Happy Birthday Ubuntu

With only nine days left until Karmic Koala’s official release, it’s time to take a look into the past. Five years ago, on the 20th of October, 2004, Mark Shuttleworth and the “warm-hearted Warthogs” from the developer team announced the first official Ubuntu release. Version 4.10, code name “Warty Warthog,” was only the first representative in a line of operating systems that were made by human beings for human beings, aiming to let normal people use Linux.

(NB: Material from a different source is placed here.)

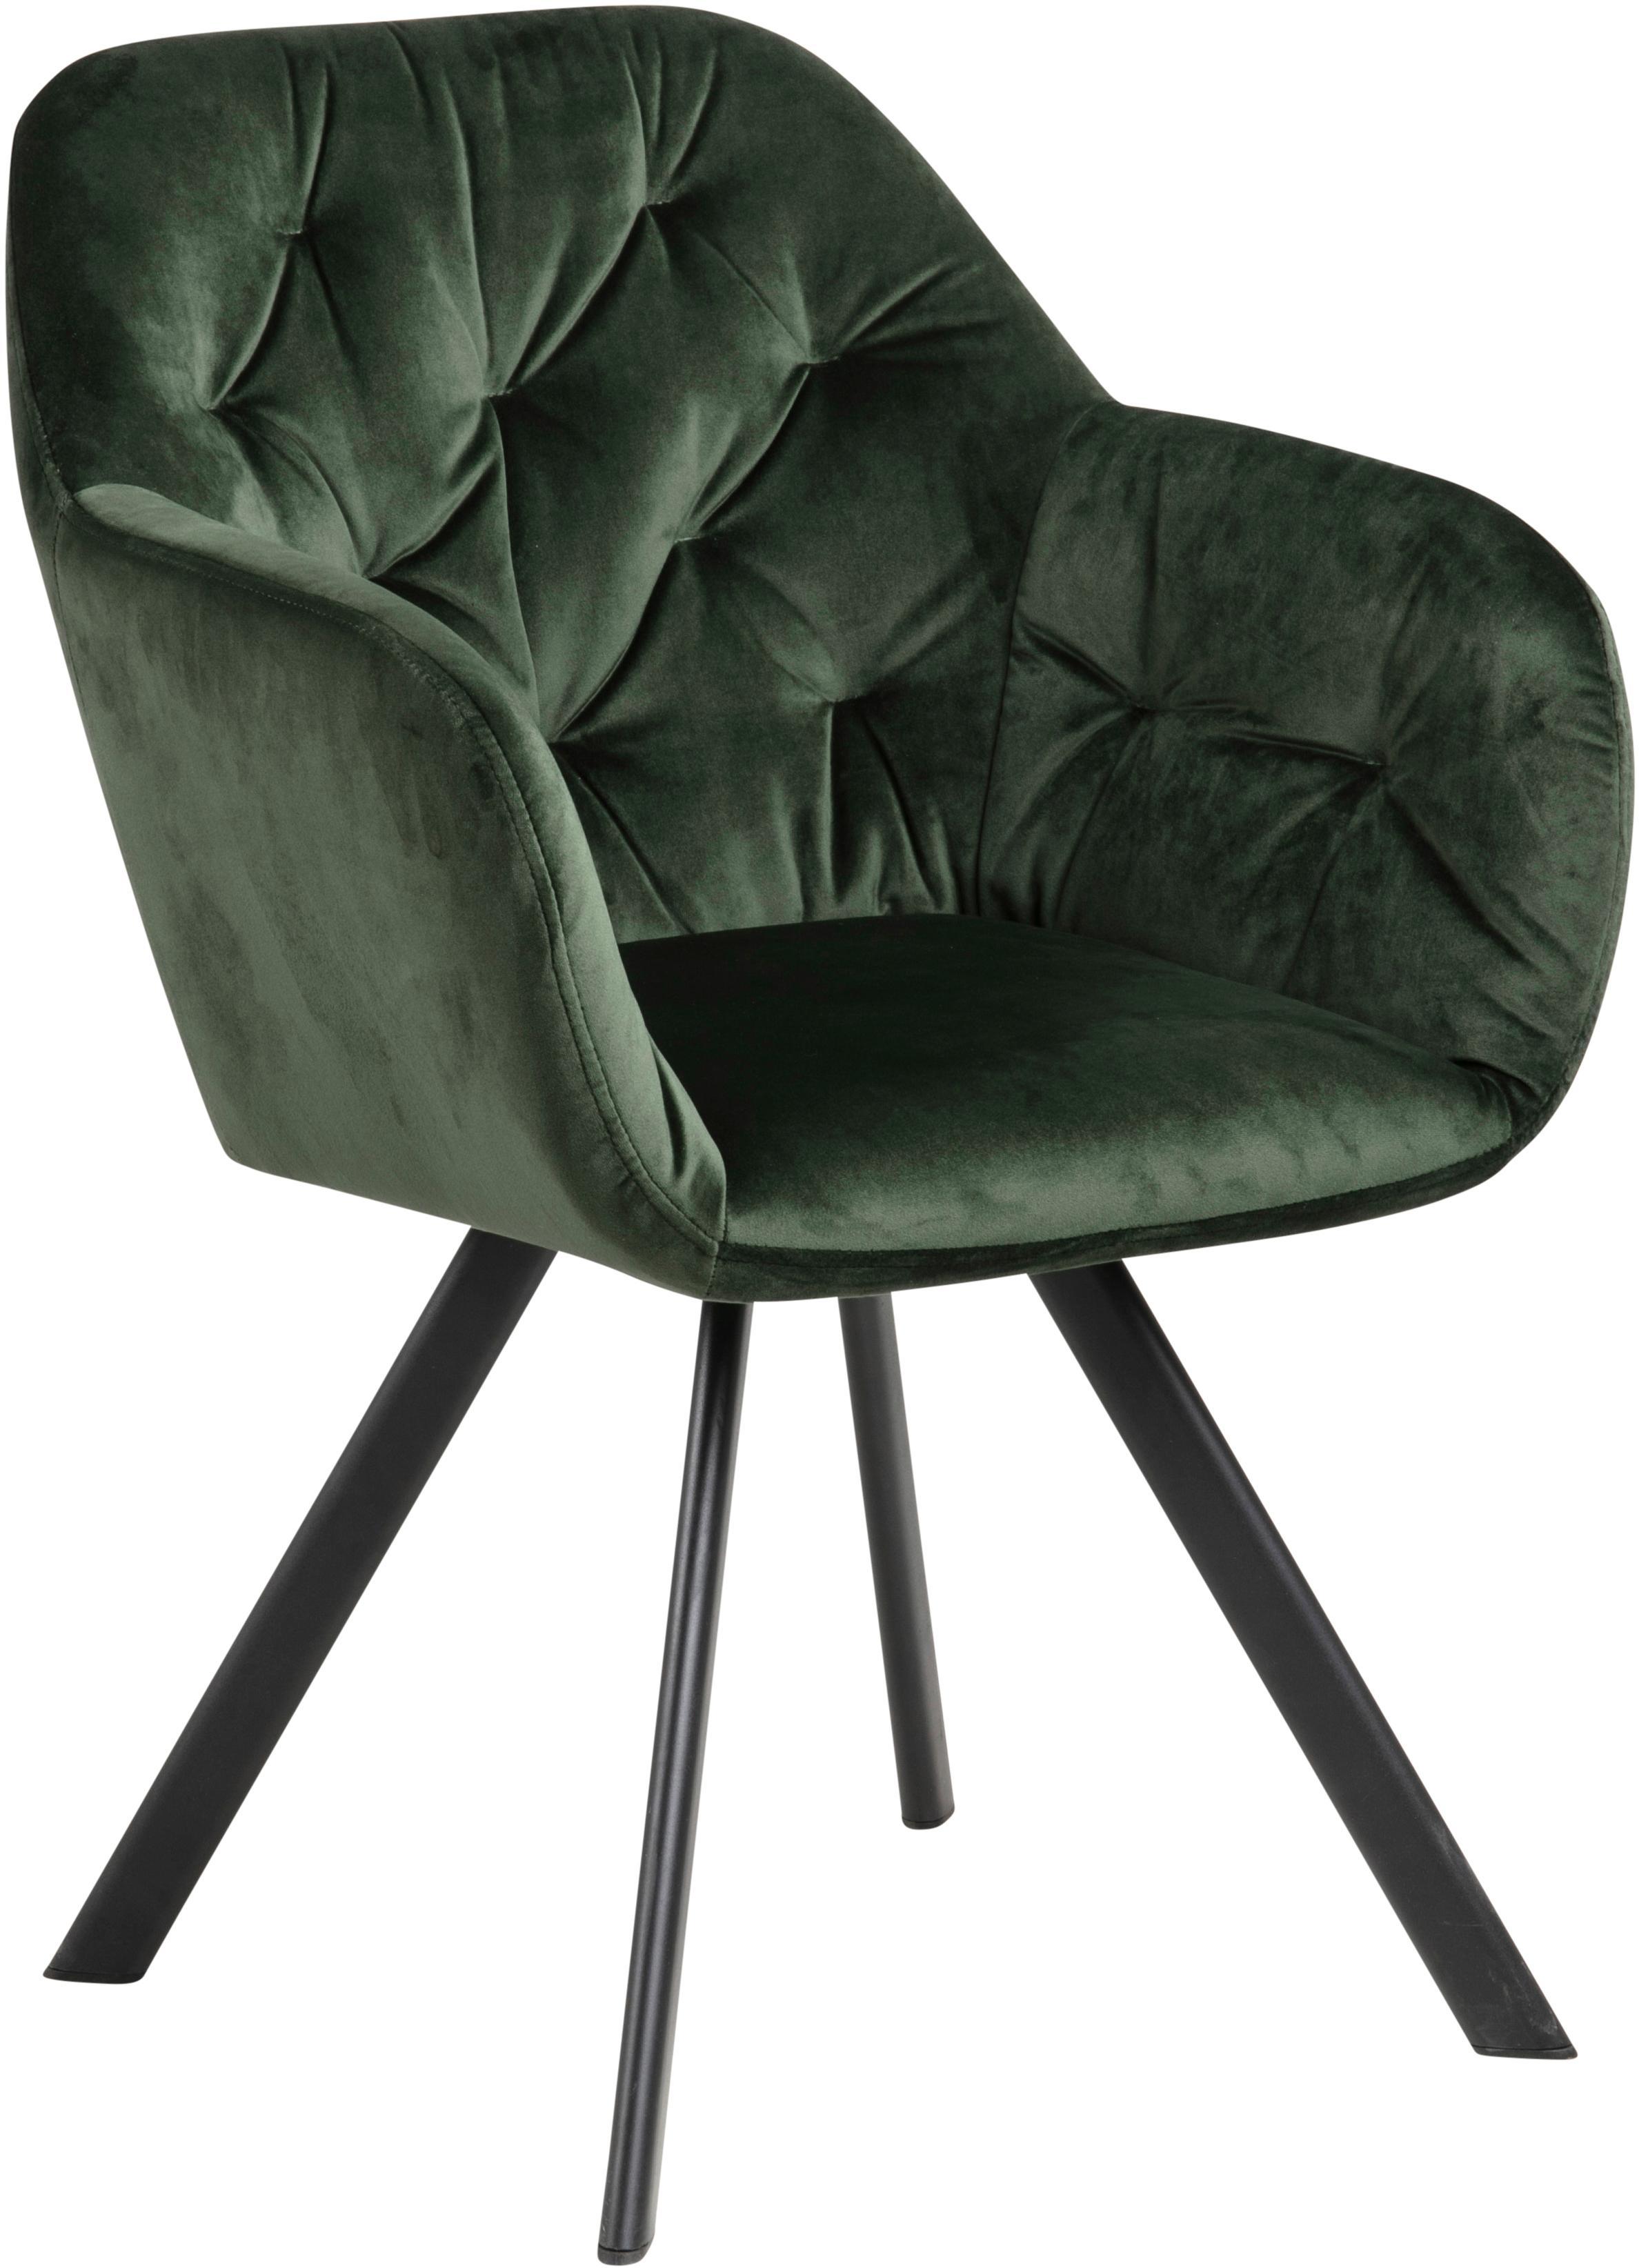 Fluwelen armstoel Lucie, Polyester fluweel, metaal, Bosgroen, zwart, B 58 x D 62 cm
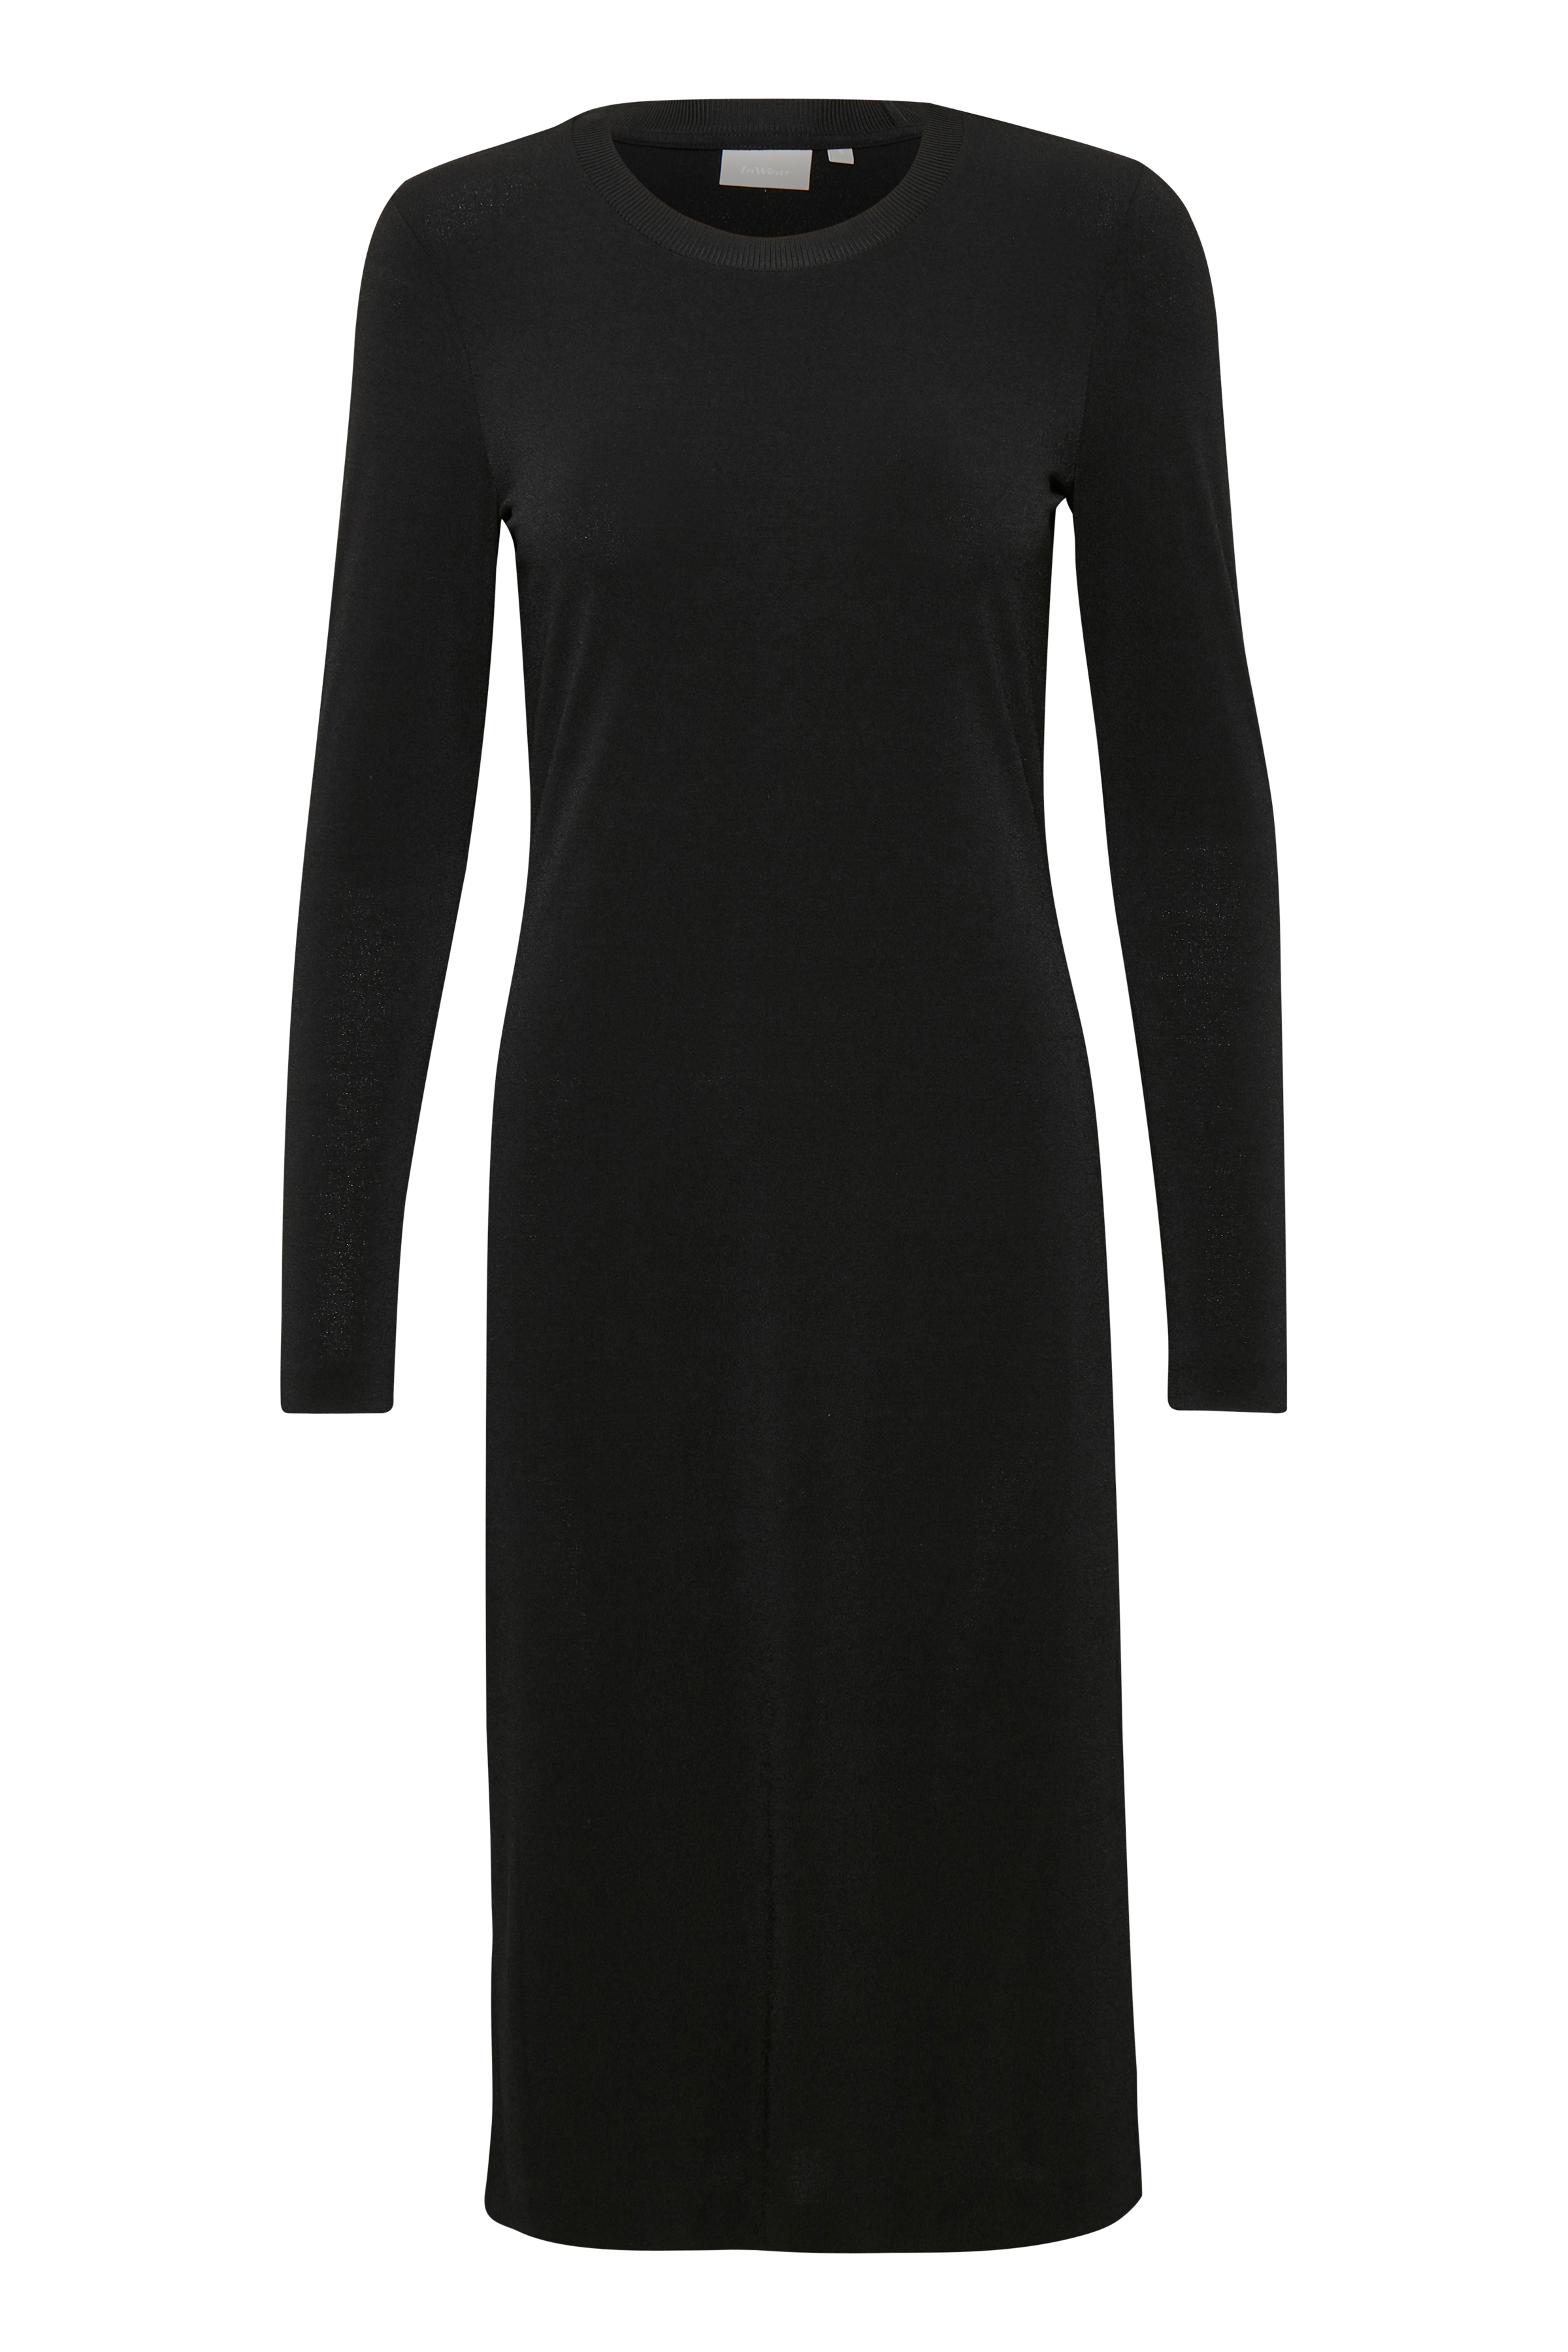 Black Jerseykjole – Køb Black Jerseykjole fra str. XXS-XL her

Let’s take a quick look at when each of the Ubuntu versions was released, and what it brought new:

· Ubuntu 4.10 (Warty Warthog) – Released on the 20th of September, 2004
· Ubuntu 5.04 (Hoary Hedgehog) – Released on 8th of April, 2005
· Ubuntu 5.10 (Breezy Badger) – Released on 13th of September, 2005
· Ubuntu 6.06 LTS (Dapper Drake) – Released on the 1st of June, 2006
· Ubuntu 6.10 (Edgy Eft) – Released on the 26th of September, 2006
· Ubuntu 7.04 (Feisty Fawn) – Released on the 19th of April, 2007
· Ubuntu 7.10 (Gutsy Gibbon) – Released on the 18th of September, 2007
· Ubuntu 8.04 LTS (Hardy Heron) – Released on the 24th of April, 2008
· Ubuntu 8.10 (Intrepid Ibex) – Released on the 30th of September, 2008
· Ubuntu 9.04 (Jaunty Jackalope) – Released on the 23rd of April, 2009
· Ubuntu 9.10 (Karmic Koala) – Planned for release on the 29th of October, 2009

Ubuntu 4.10 (Warty Warthog) was something weird for its time. It was common back then for Linux operating systems to ship on anywhere from two to even nine CDs, but Warty only had two: a Live and an Installation CD. Another thing that separated Ubuntu from the other Linux distributions of the time was the ShipIt service that sent Ubuntu CDs to anyone who requested them, free of charge.